When RecycleBill was a little boy it was said that some kinds of metals simply weren't worth hauling. There was a time when I charged people to remove junk cars from their property-- today I pay for junk cars.

Most folks considered scrap steel to be nothing but garbage. But a few miles down the road was a man who spent almost 30 years quietly filling over 20 acres of unused land with scrap steel while going to work every day at a low wage, dead end job. Eventually people began to notice the growing piles of scrap metal and started calling the field an eyesore but before local government managed to step in to condemn the property the man sold the entire field full of scrap metal and retired with several million dollars in cash. He was only 50 years old at the time of his retirement.

Call me crazy but I've little doubt that some crafty old business man somewhere out there is quietly filling his unrented warehouses with garbage to sell at some date in the future. In my hometown alone there are literally millions of square feet of empty warehouses. If I had a warehouse I'd do the same.

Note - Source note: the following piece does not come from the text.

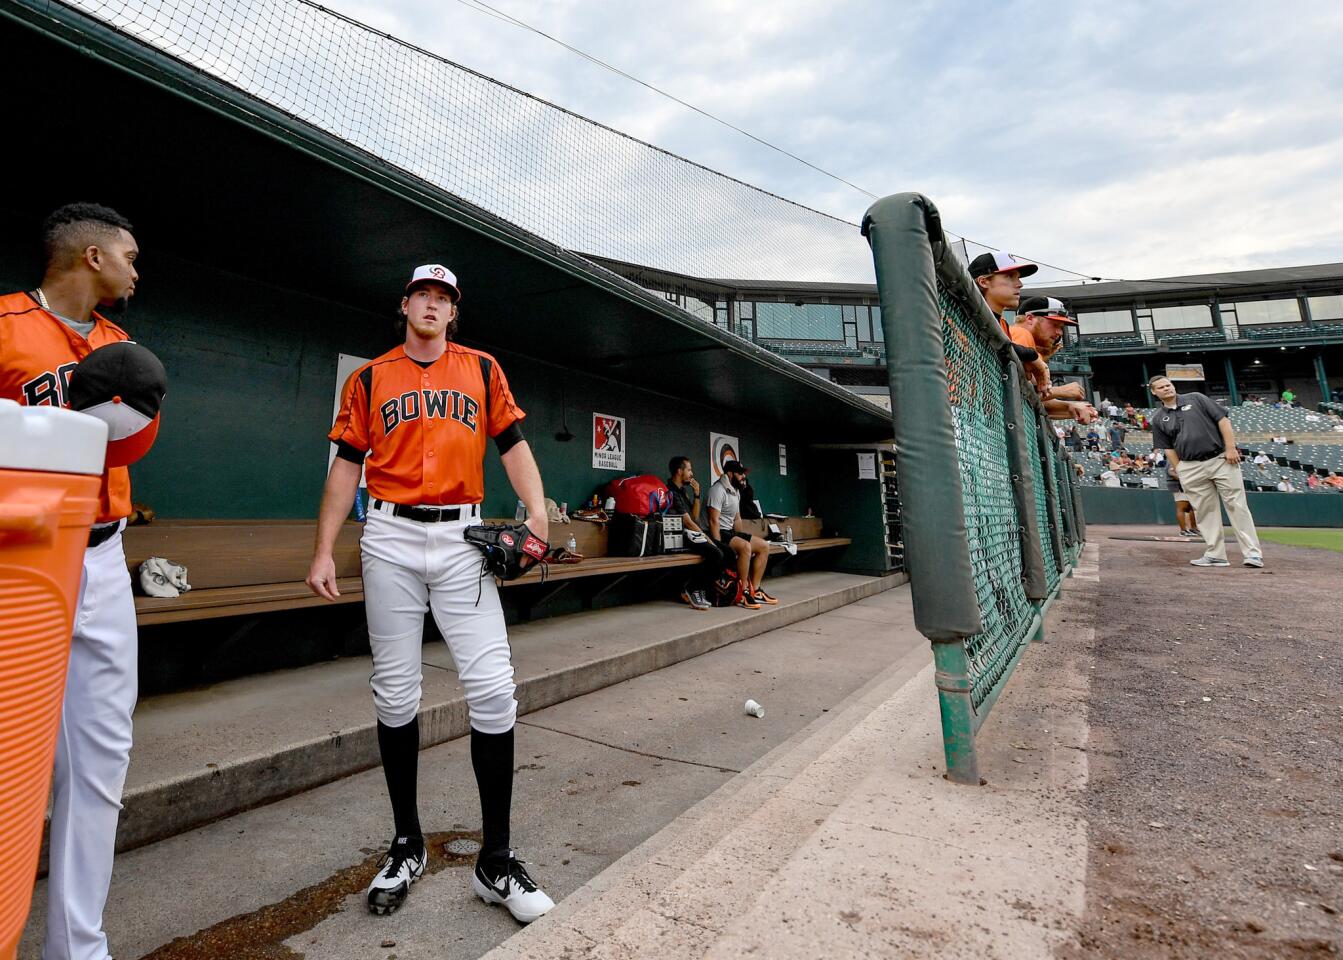 Michael Baumann, stands in the dugout during player instructions prior to the start of the game against Harrisburg. Orioles pitching prospect Michael Baumann took his dominance since joining Double-A Bowie to a new level Tuesday night with the third no-hitter in Baysox history. He mowed down Harrisburg on 95 pitches to solidify what’s been one of the most significant leaps any pitcher in the farm system has made this season.

The first cities, counties and businesses who invest in these waste to energy technologies will be laughed at but time will prove them wise. As local landfills are closed and the rising cost of diesel fuel make the hauling of trash to distant landfills ever more expensive the communities that surround these early adopters will start paying the operators of waste to energy systems to take their waste. But as the rising energy demands of the rest of the world begin to catch-up to the West this increased demand for energy will invert the waste market causing the waste to energy producers to buy various kinds of waste based on how much energy a given type of waste can produce.

Suddenly the old man filling his unused warehouses with garbage seems not crazy but crazy like a fox.

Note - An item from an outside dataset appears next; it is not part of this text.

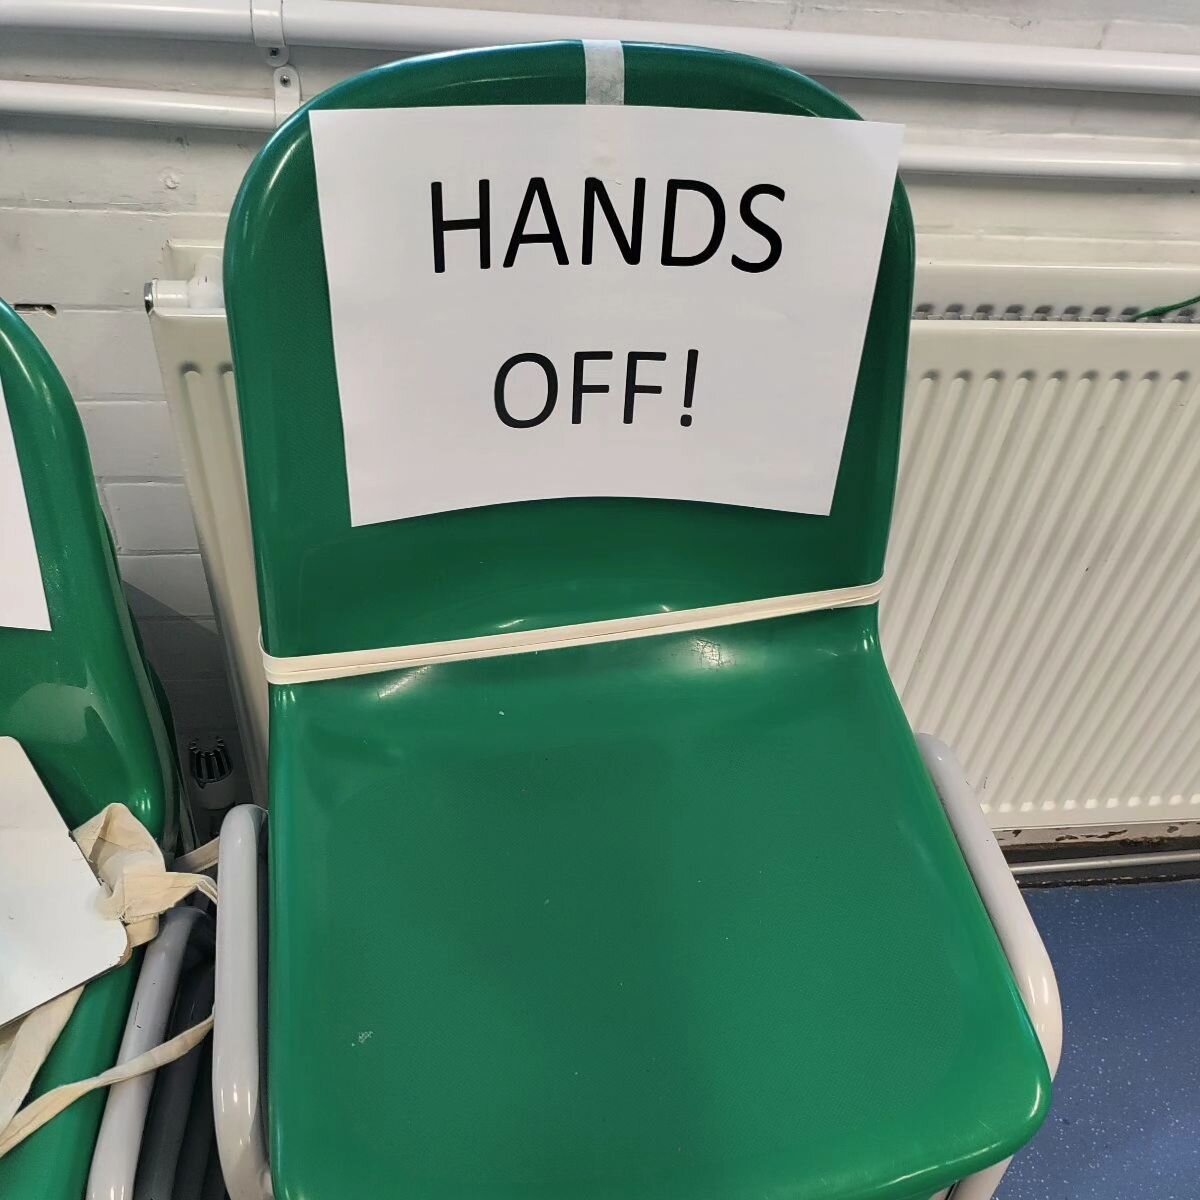 When Year 4 came into their classrooms, they realised their chairs had gone on strike! We had to practise using our best persuasive devices to write letters to convince them to let us use them again. Luckily, our rhetorical questions and emotive lang

So what will be the most valuable recyclables? Scrap metals will continue to lead the way as they are infinitely recyclable and of a finite quantity. Glass will eventually rise in price as it too is infinitely recyclable. Because their supply is finite, metals and glass are best converted into new metals and glass. Paper and plastics with their fewer life cycles and almost infinite supply will follow as both will be converted to fuel quite easily. As to were e-waste stands is anyone's guess. And while people might not like it, even sewage sludge will someday be bought and sold on the open market.

Waste to energy technology isn't some far fetched futuristic idea. Hundreds of companies and dozens of local governments world wide are already reaping profits from waste to energy technology-- why is the USA determined to be the last?